• _Action item_:
Among the lines below, copy exactly those from the one with "Nadia nurses her" through the one with "Fire House Pranks", counting both ends.

• _Records to process_:
"""
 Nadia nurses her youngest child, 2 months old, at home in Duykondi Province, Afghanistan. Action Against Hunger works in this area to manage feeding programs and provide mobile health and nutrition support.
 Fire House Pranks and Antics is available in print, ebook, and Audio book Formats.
"""
"""
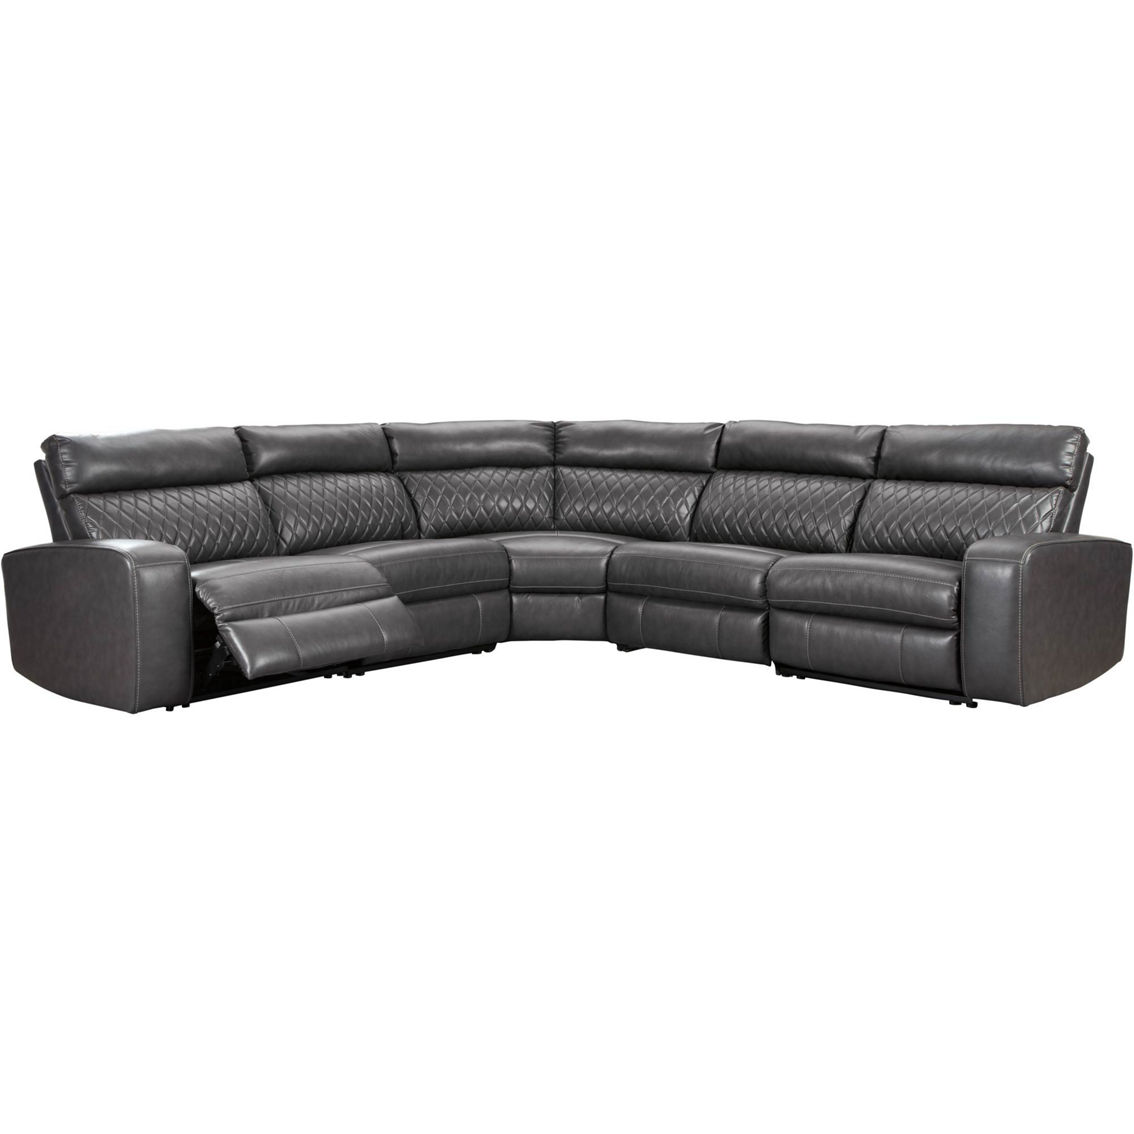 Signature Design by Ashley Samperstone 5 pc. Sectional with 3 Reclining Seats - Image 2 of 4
"""
"""
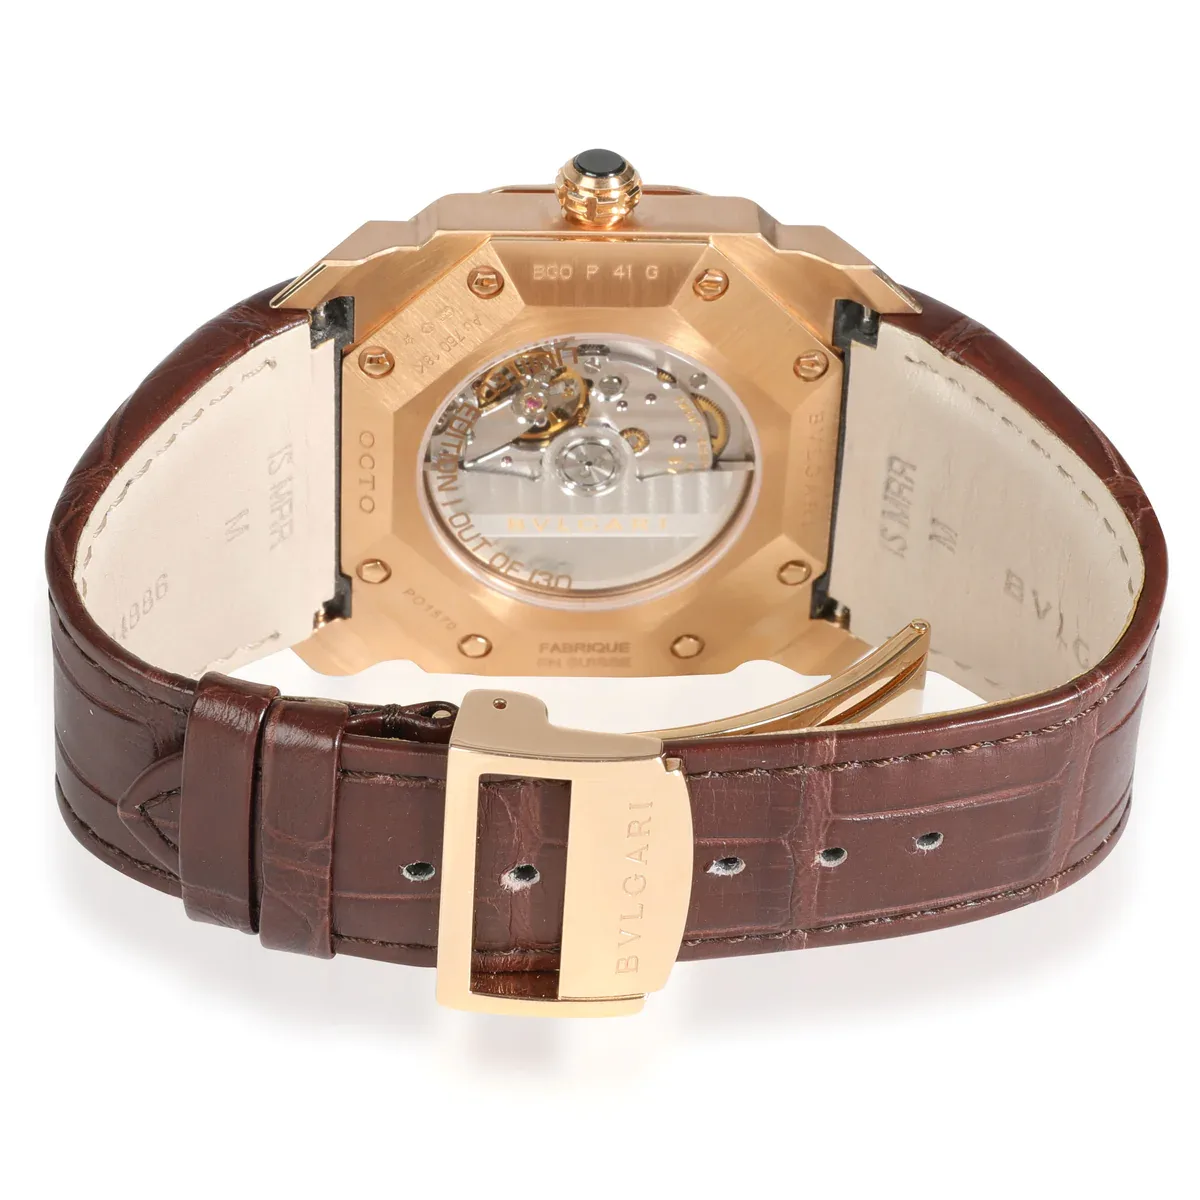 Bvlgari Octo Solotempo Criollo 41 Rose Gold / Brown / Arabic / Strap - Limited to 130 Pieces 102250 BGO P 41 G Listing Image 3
"""
• _Written answer_:
 Nadia nurses her youngest child, 2 months old, at home in Duykondi Province, Afghanistan. Action Against Hunger works in this area to manage feeding programs and provide mobile health and nutrition support.
 Fire House Pranks and Antics is available in print, ebook, and Audio book Formats.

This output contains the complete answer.